The Times got proof of Keyes’s corruption in the shape of a diary, a little black book that had been kept by Milton Pike, an assistant to a prominent downtown tailor named Ben Getzoff, whose shop at 609 Spring Street was near the courts and the business district. In his diary Pike had recorded the various comings and goings, and the shady transactions, that took place in the back of Getzoff’s shop, all of which he observed through an angled mirror. Prominent Julian Pete players had been frequent visitors, likewise Asa Keyes, “often half-lit” on the bootleg booze kept there. Pike alleged that he’d seen Keyes accept lavish gifts and bribes. At first Keyes denied the charges and refused to resign, but accumulating evidence forced his hand. Asa “Ace” Keyes, the Los Angeles District Attorney, a public servant of twenty-four years, had taken money and thrown the most important trial on his watch. Some were shocked, but many perplexed and faith-shaken Angelenos thought this outcome logical. “So pock-marked was this slimy business with fraud and faithlessness, so infiltrated with shuffling and trimming, with bad faith and treachery, money-juggling and moral back-sliding, that few citizens were greatly surprised at this dramatic turn,” wrote Guy Finney.

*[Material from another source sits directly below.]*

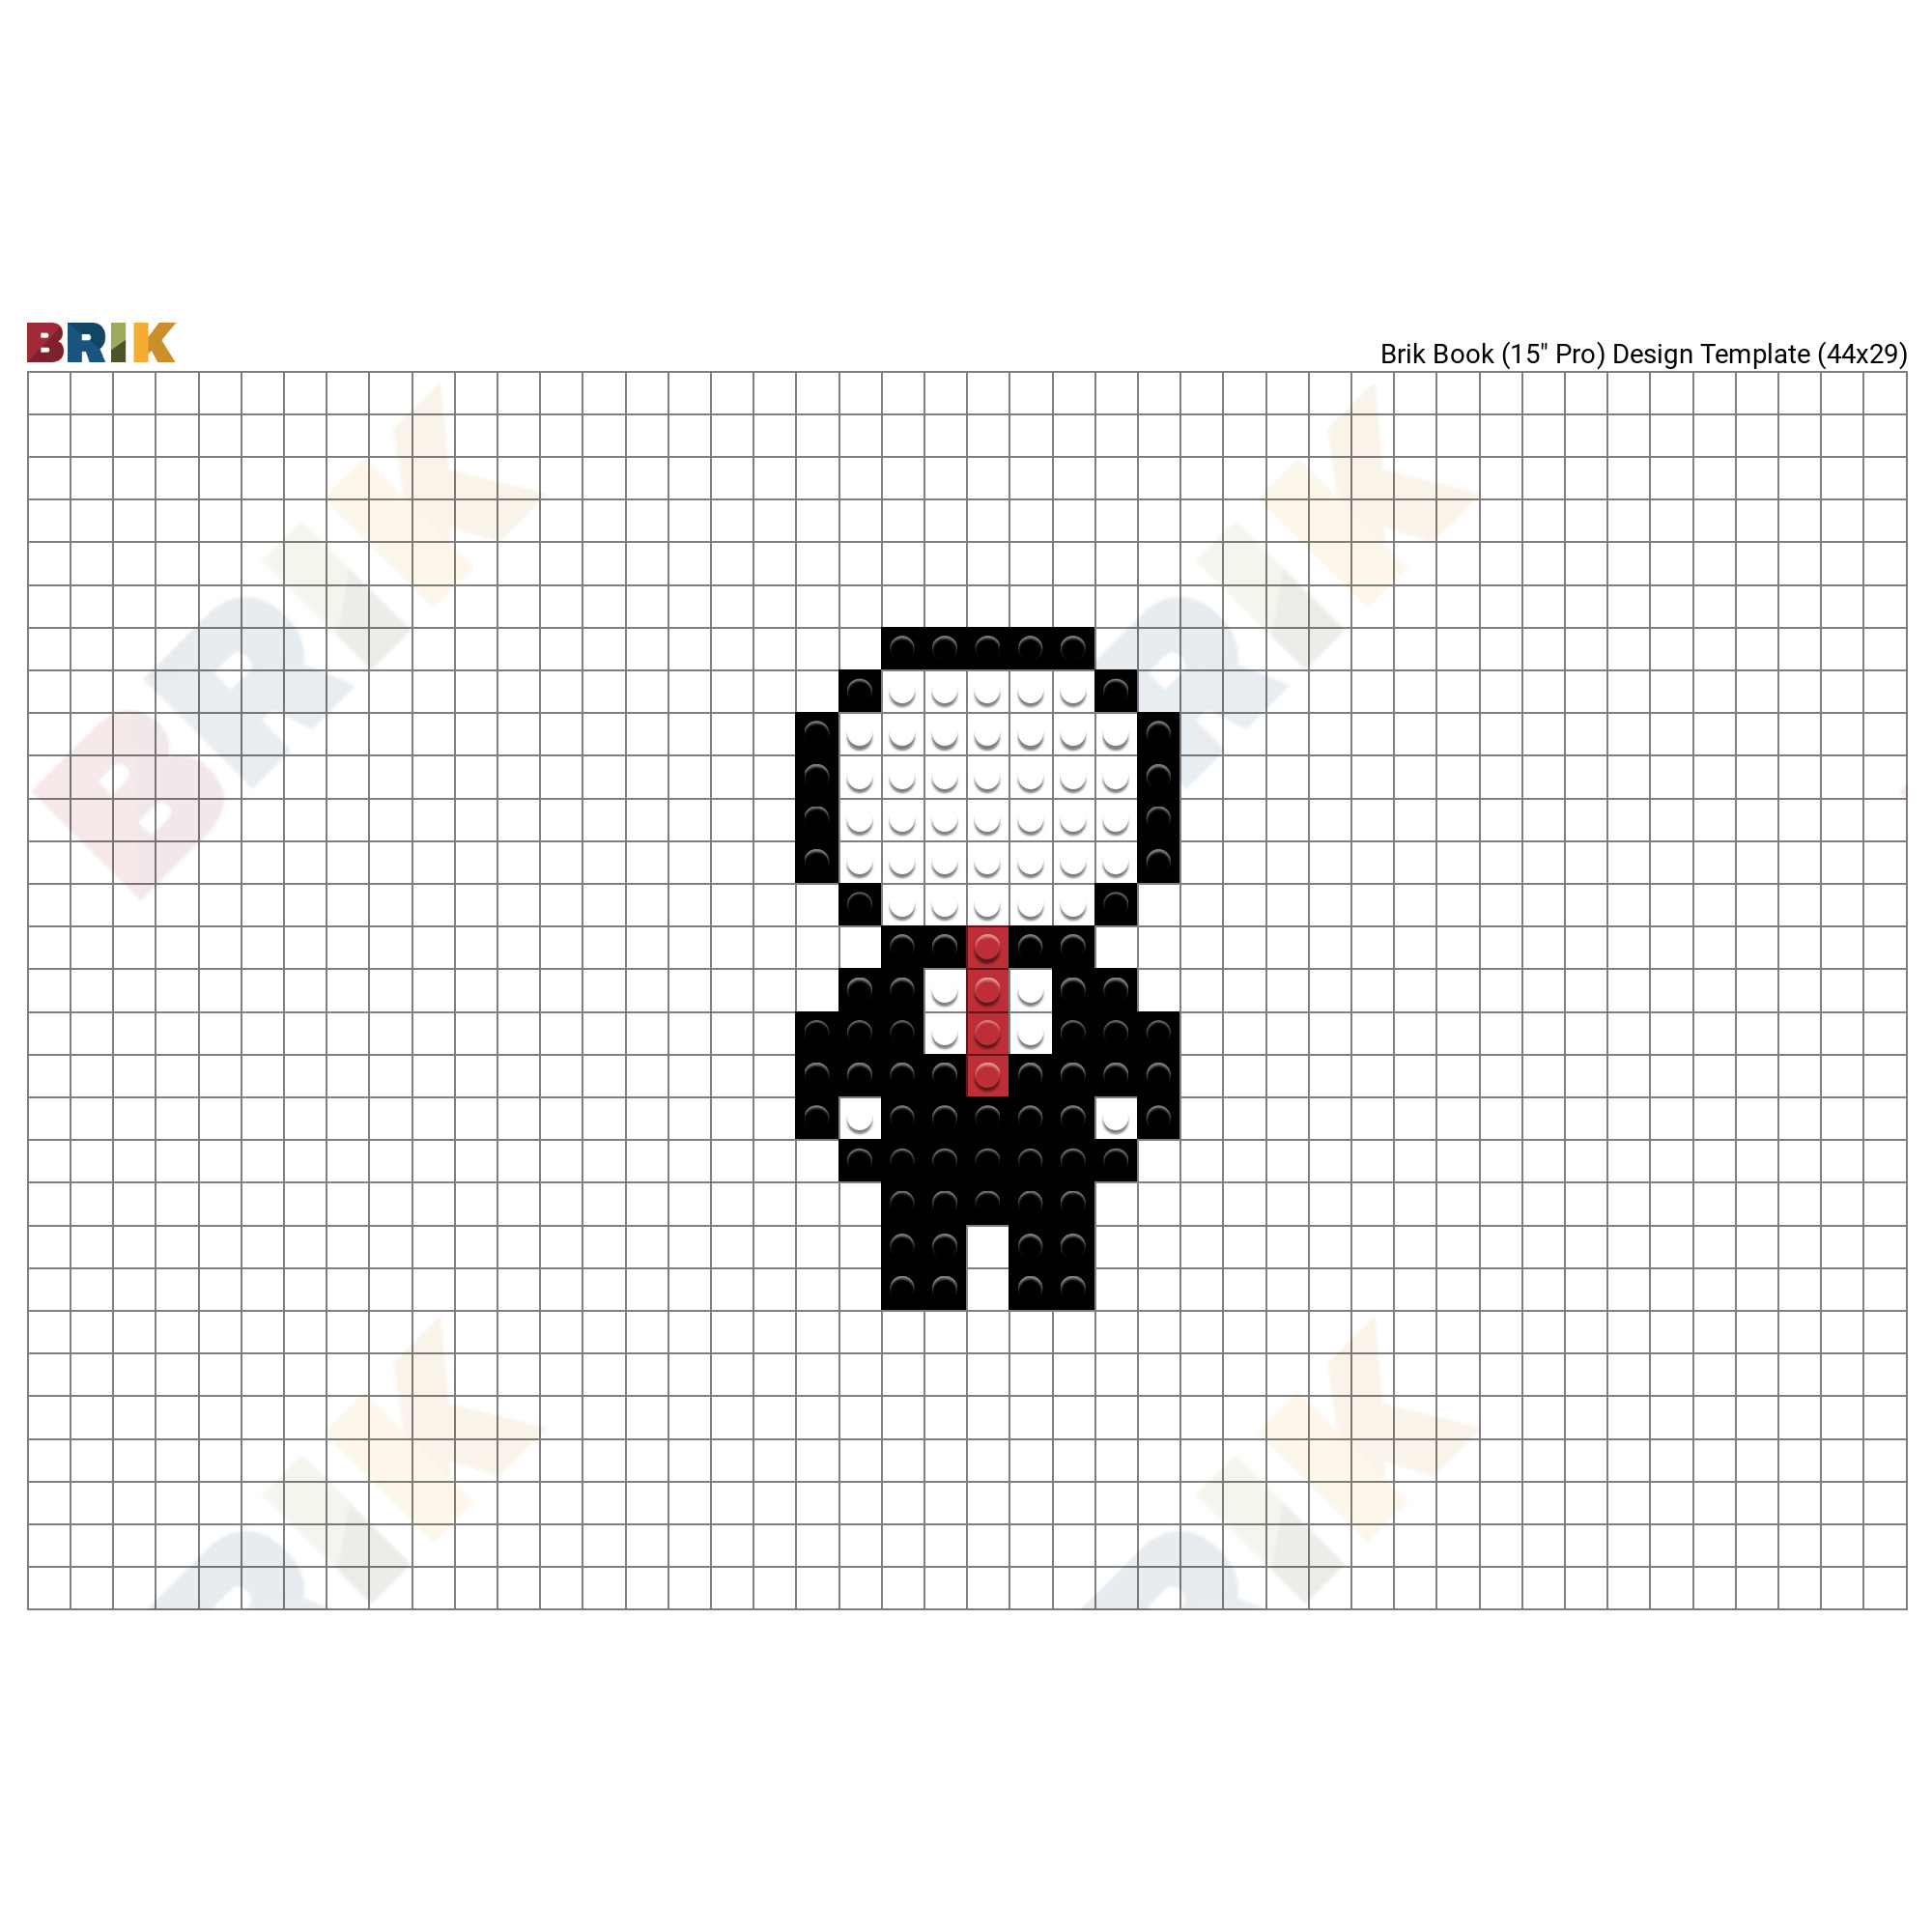 slender man pixel art minecraft

Enter Buron Fitts, elected with a mandate to get Keyes and clean house. Making Julian Pete prosecutions would become the holy grail of Fitts’s first term as D.A. In time he’d learn that the Julian Pete was an unending and unfathomable story. The scandal symbolized the crazy prosperity of the 1920s boom and presaged the despairing time that was to follow. Its consequences would ripple on and on, gaining force until they became bewildering for Fitts and, in the end, deadly for the likes of Charlie Crawford.
7
Our Detective Learns the Ropes
T
he trial of Asa Keyes, former District Attorney for the County of Los Angeles, gave Leslie White his first important assignment in his new job with the D.A.’s office. Jake Berman (aka Jack Bennett, the “two-name man”) and one of the leading Julian Pete conspirators, had turned state’s evidence in exchange for the immunity Buron Fitts granted him. As a result, Berman found his life under threat and White was to be his bodyguard. Forensics was nowhere on White’s agenda. As he later wrote, “When trapped by the reform administration, Berman sold his confederates down the river. In this wise, he gained his release and my particular task was to keep either his former friends or the thousands of victims from killing him.”

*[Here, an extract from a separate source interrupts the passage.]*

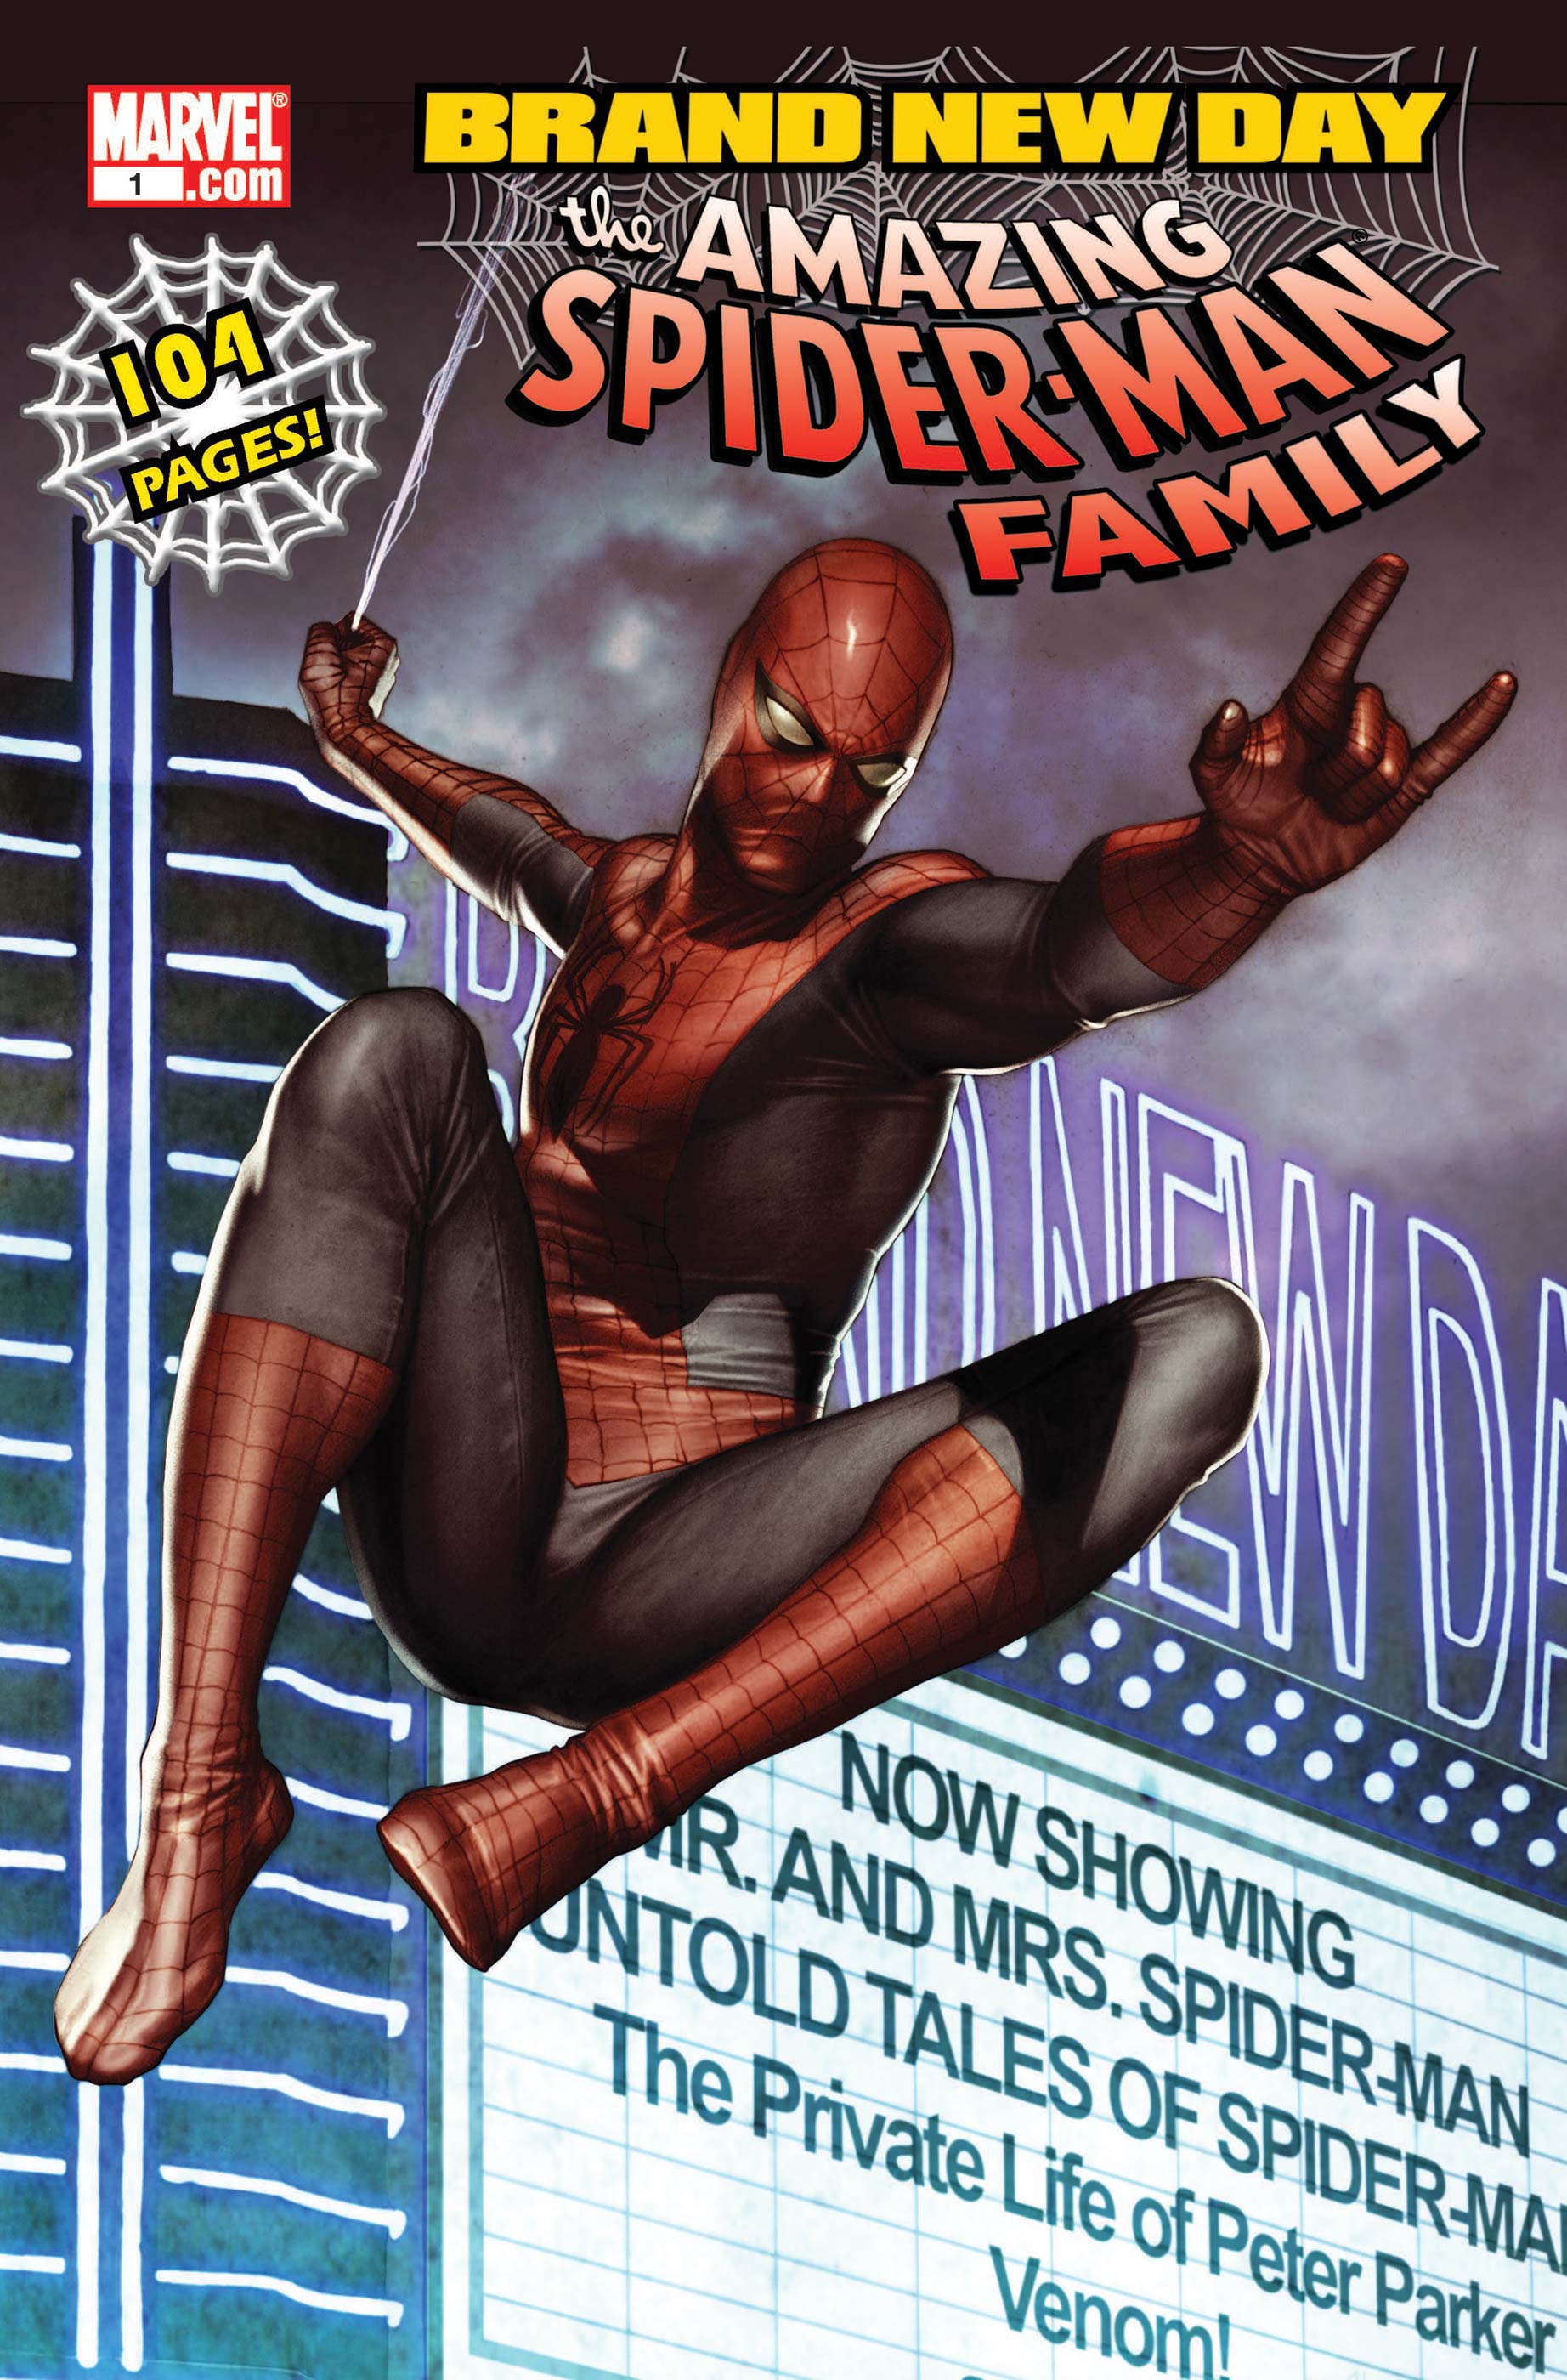 Amazing Spider-Man Family (2008) #1

Jake Berman was twenty-eight, only a few years older than White, but the two men could not have been more different. Berman grew up in the Brooklyn ghetto, worked as a runner on Wall Street, and served time for fraud in a New Jersey prison. He’d arrived in L.A. with nothing but a suitcase and the friendship of S. C. Lewis. He had a round face and thinning hair, but his soulful brown eyes made him handsome as a gigolo. He sported silk neckties with a stick-pin bearing a diamond the size of a dime. He’d proven himself a master manipulator and salesman, capable of making ten suckers grow where previously there’d been only one. He’d thrown $20,000 parties with champagne and movie starlets on hand to gladden the hearts and soften the purse strings of big investors. In one sixteen-month period—January 1926 to April 1927—his bank transactions totaled $67 million. “Gossips say the boy wonder had $2 million in $10,000 bills in a body belt on his person,” wrote Lorin Baker in 1931. When Julian Pete crashed, Berman had eluded capture, fleeing to Europe on the ocean liner Berengeria, carrying $625,000 in that same chamois leather belt. He landed in England and outfoxed the Scotland Yard men sent to catch him. In time he returned to America of his own free will, traveling first class on another liner, the France, and surrendered to Buron Fitts in L.A. His soft-leathered shoes were natty and expensive, his suits cut from the finest cloth. He was a classic con man: people came to him in droves, wanting something for nothing; he gave them nothing but took plenty.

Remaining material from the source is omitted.